In any programming language, the Hello World program is a shared bond between all coders. You can go ahead and make your own 'hello world' program. Look at the classic example below. Note that the # symbol is a comment line, which means Python does not read this as code to execute. Instead, it is intended for human audiences, so coders can easily see what each line of code is supposed to do. Commenting well and regularly is key to good collaboration and development hygiene.

# This program prints Hello, world! print('Hello, world!')

Output.

Hello, world!

7.1 A Note on Migrating from MATLAB® to Python

As you dwell into robotics programming and writing algorithms, you will notice that many examples are written in MATLAB®, particularly in academia due to previously mentioned reasons. However, there are compelling reasons to use Python instead of a proprietary language like MATLAB. One of the main reasons is the cost of acquiring MATLAB and related toolboxes. Python allows you to easily distribute your code without worrying about your end-users needing to purchase MATLAB® licences to run your code. In addition, Python being a general-purpose programming language offers you a better development environment for projects targeting a wide use and deployment audience.
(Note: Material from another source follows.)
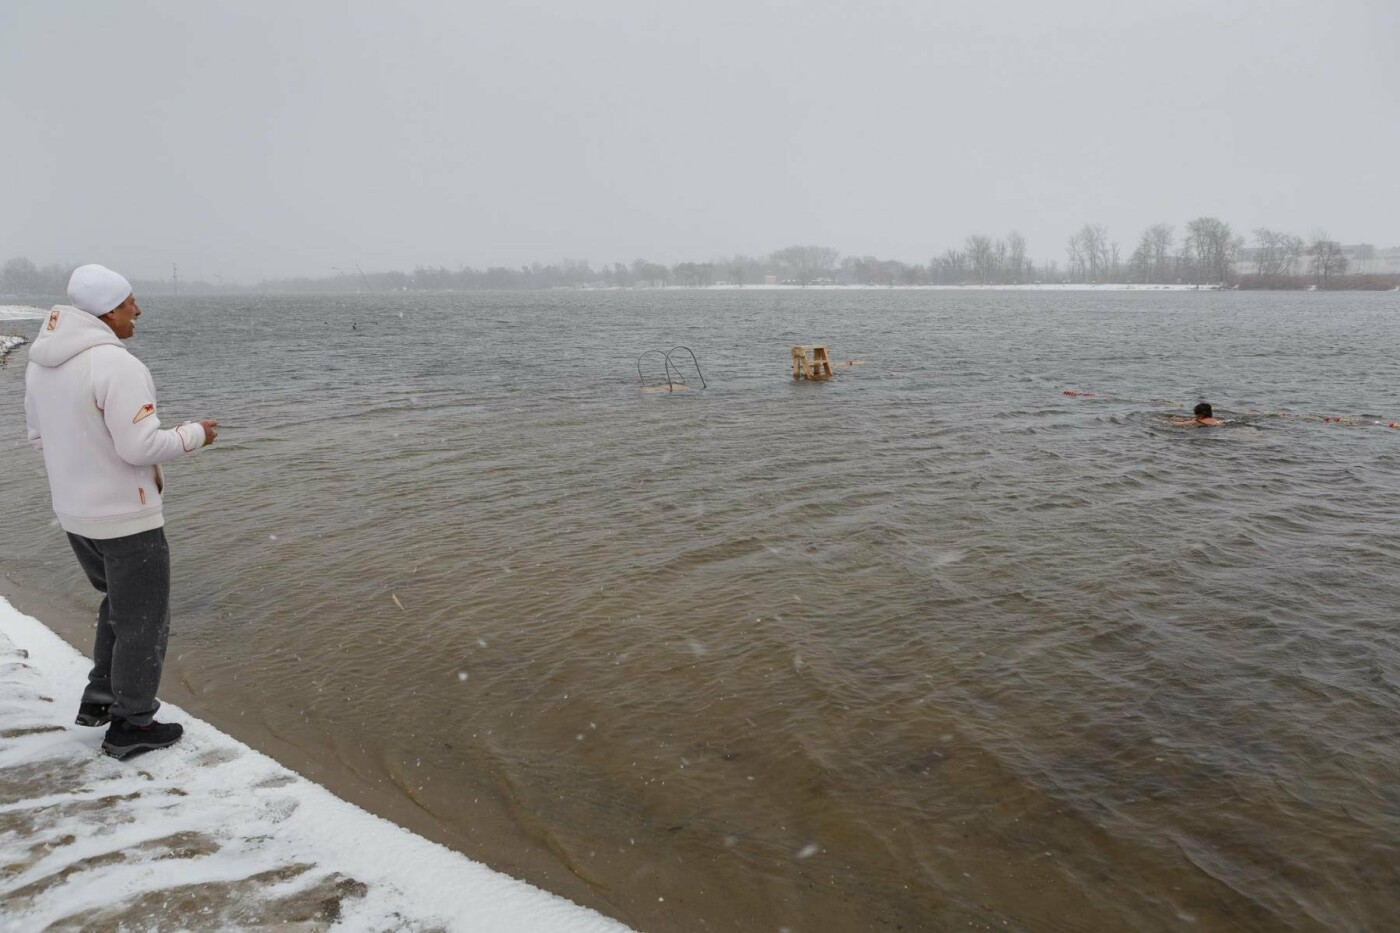 В Белгороде прошли соревнования по зимнему плаванию, фото-2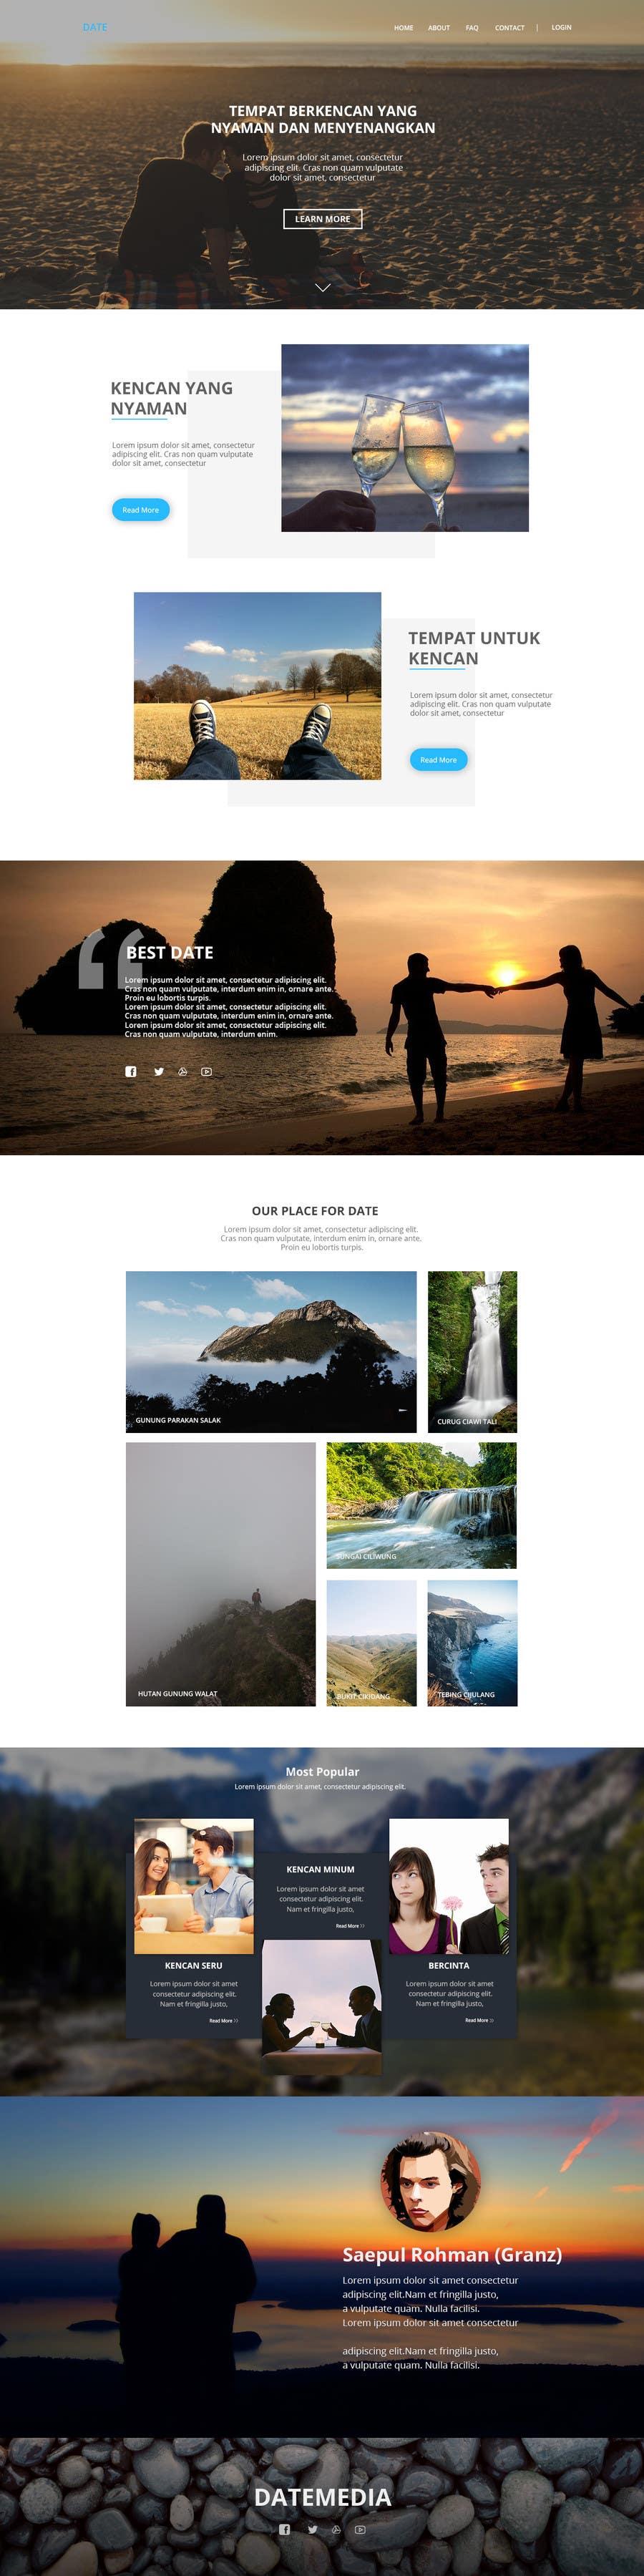 Kilpailutyö #8 kilpailussa Design a Website Mockup

If you are thinking of migrating any code from MATLAB® to Python, the good news is that the two languages are 'very similar'. This allows for relatively easy transitioning from MATLAB to Python. One of the key reasons for MATLAB's popularity has been its wide array of well-crafted toolboxes by experts in the field. For example, there are several popular toolboxes related to robotics including the Robotics Toolbox developed by Peter Corke.⁵ These toolboxes provide specific mathematical functions reducing the time it takes to develop new code when building or testing new ideas for your robot. Python also offers a similar mechanism to expand its capabilities through Python packages. For example, one of the powerful elements of MATLAB is its native ability to work with matrices and arrays (side note: matrices and arrays will play a major role in robotics programming!). Python, being a general-purpose language does not have this capability built-in. But a package available in Python called NumPy⁶ provides a way to address this through multidimensional arrays allowing you to write fast, efficient, and concise matrix operators comparable to MATLAB. As your knowledge in robotics and programming matures, it would be a worthwhile investment to spend some time to explore the similarities and differences between the two languages and to understand when to utilise one or the other. Figure 4.7 shows our humble Hello world program being executed in a MATLAB® command line window. Can you spot the differences between the syntaxes from our Python example in Fig. 4.6?.

Fig. 4.6

Hello, World program interactively executed in a Python command line window

Fig. 4.7

Hello, World program interactively executed in a MATLAB command line window

8 Version Control Basics

Version control is the practice of managing changes to the codebase over time and potentially between multiple developers working on the same project. It is alternatively called source control. Version control provides a snapshot of development and includes tracking of code commits. It also provides features to merge the code contributions arising from multiple sources, including managing merge conflicts.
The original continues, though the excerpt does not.